> Dataset extract

++++++

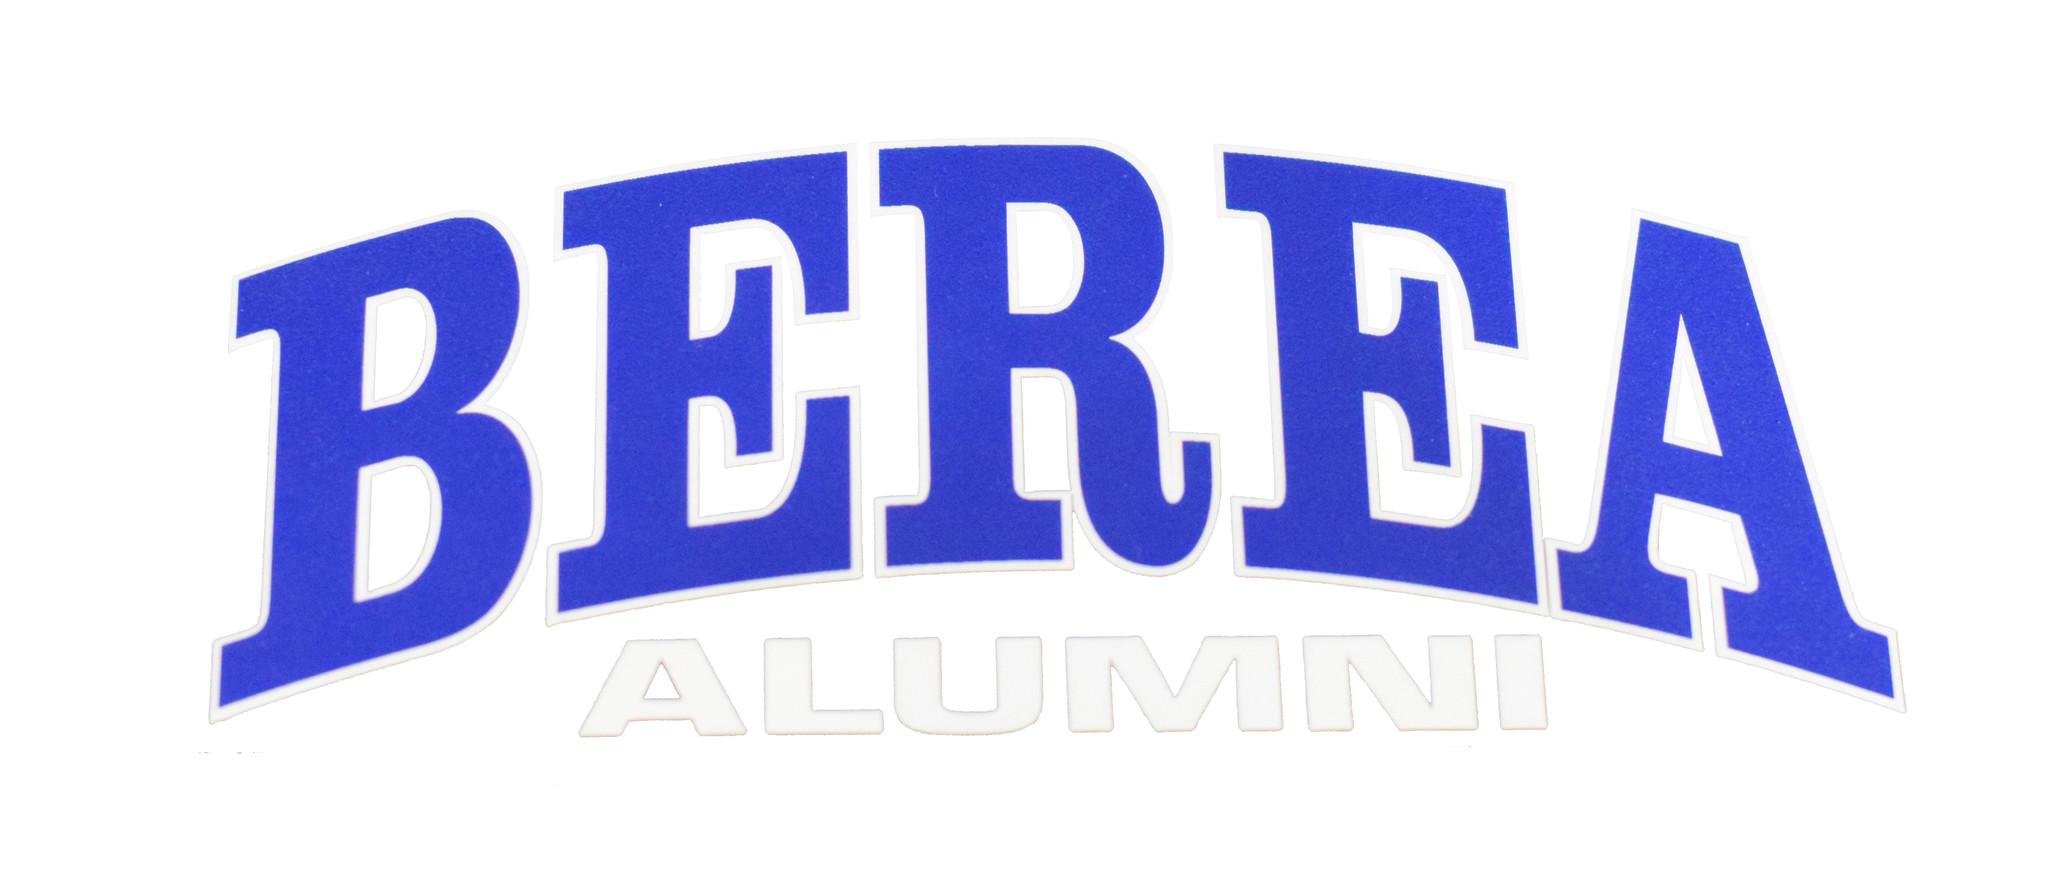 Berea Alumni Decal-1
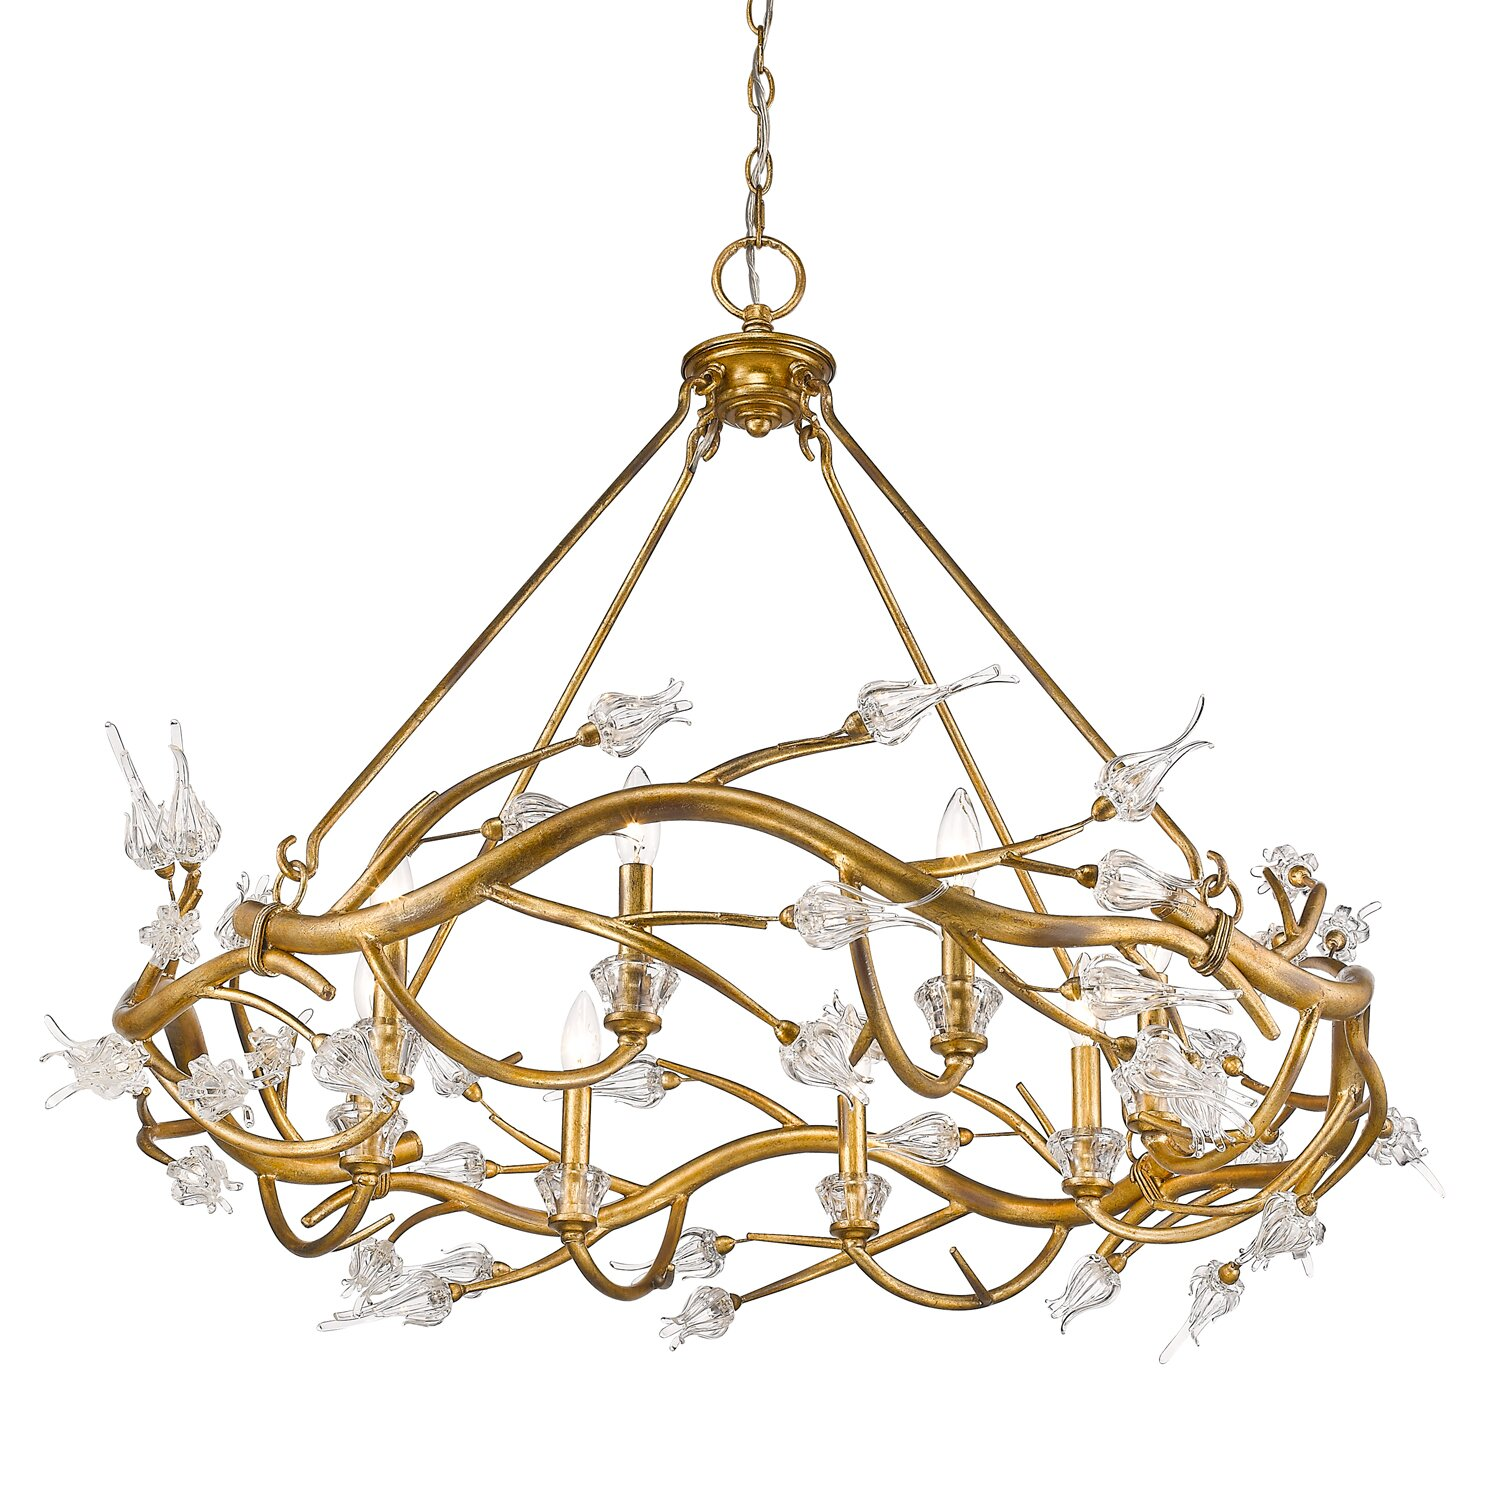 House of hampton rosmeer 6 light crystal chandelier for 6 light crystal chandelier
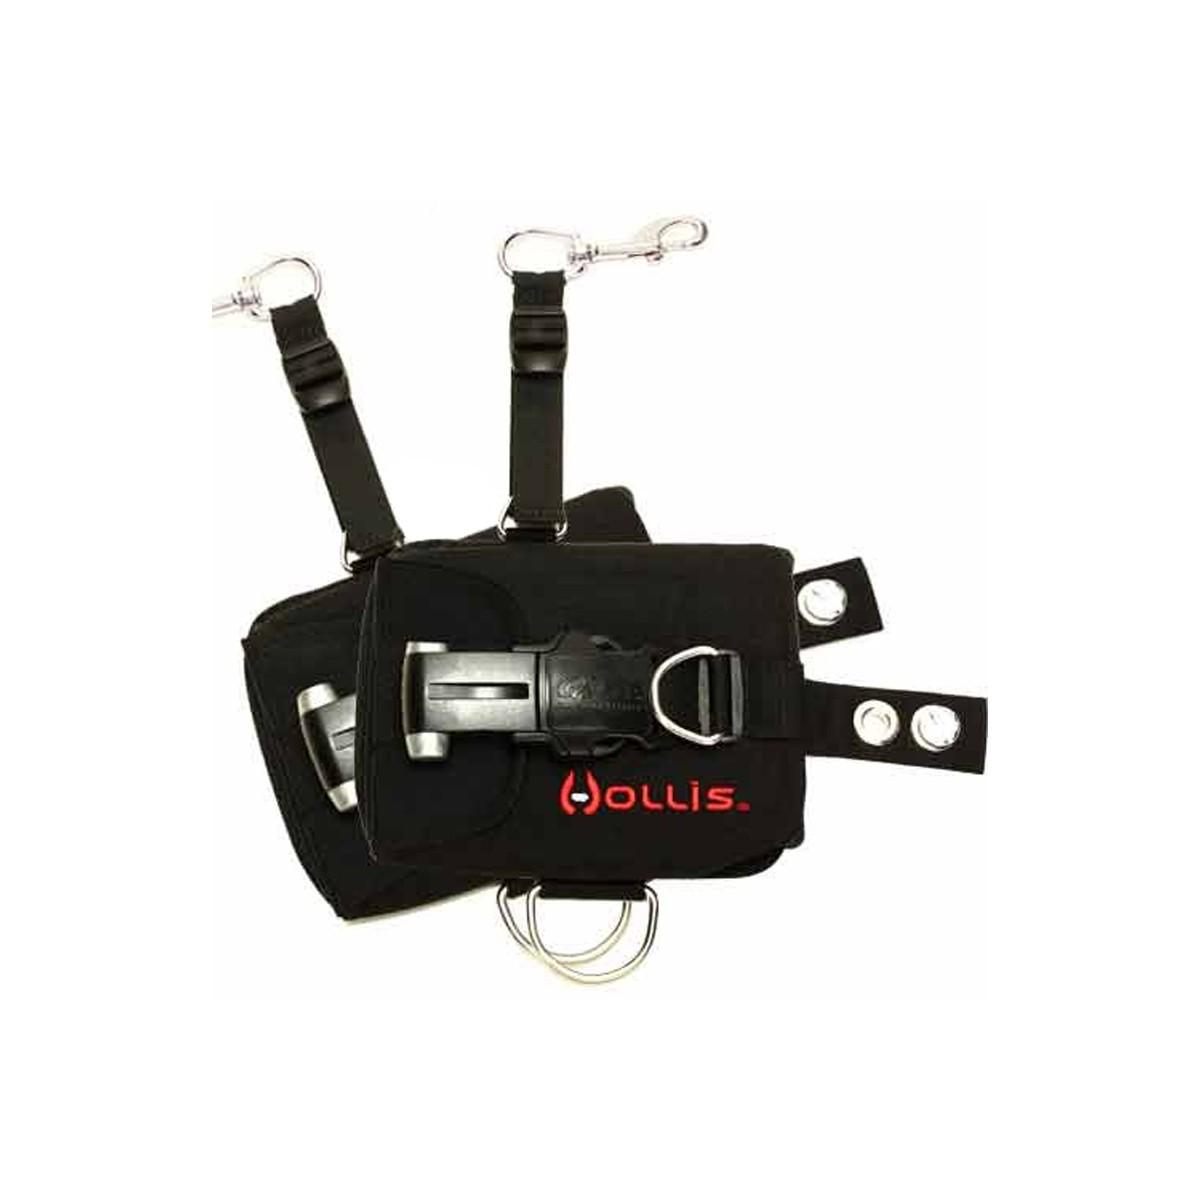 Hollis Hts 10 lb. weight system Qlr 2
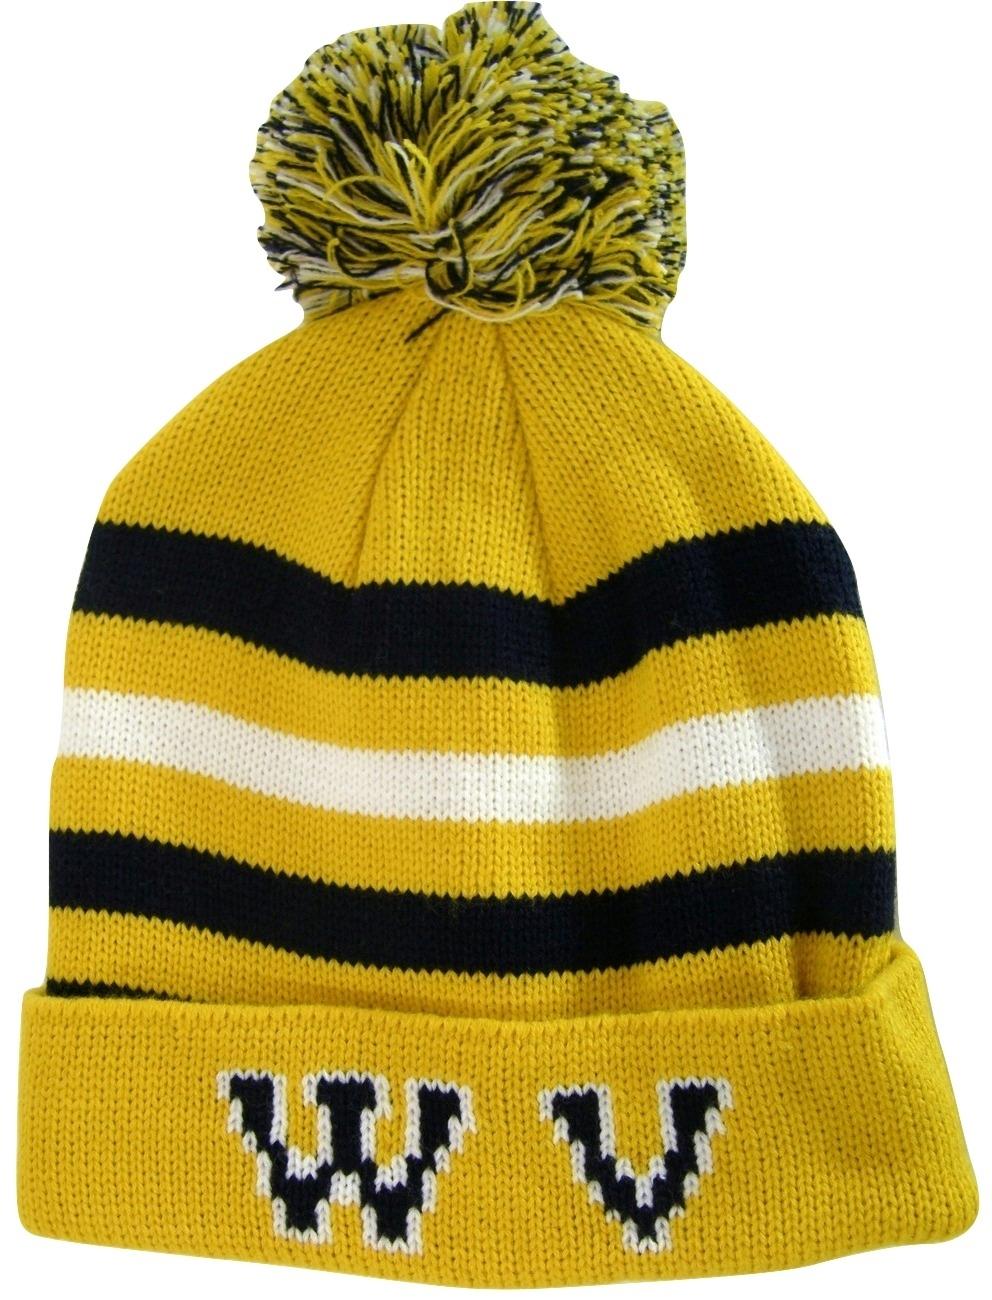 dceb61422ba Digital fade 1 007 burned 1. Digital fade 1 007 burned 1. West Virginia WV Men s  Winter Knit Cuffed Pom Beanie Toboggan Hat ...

++++++

Output the whole listing exactly. Pictures stay out.

 Berea Alumni Decal-1
 House of hampton rosmeer 6 light crystal chandelier for 6 light crystal chandelier
 Hollis Hts 10 lb. weight system Qlr 2
 dceb61422ba Digital fade 1 007 burned 1. Digital fade 1 007 burned 1. West Virginia WV Men s  Winter Knit Cuffed Pom Beanie Toboggan Hat ...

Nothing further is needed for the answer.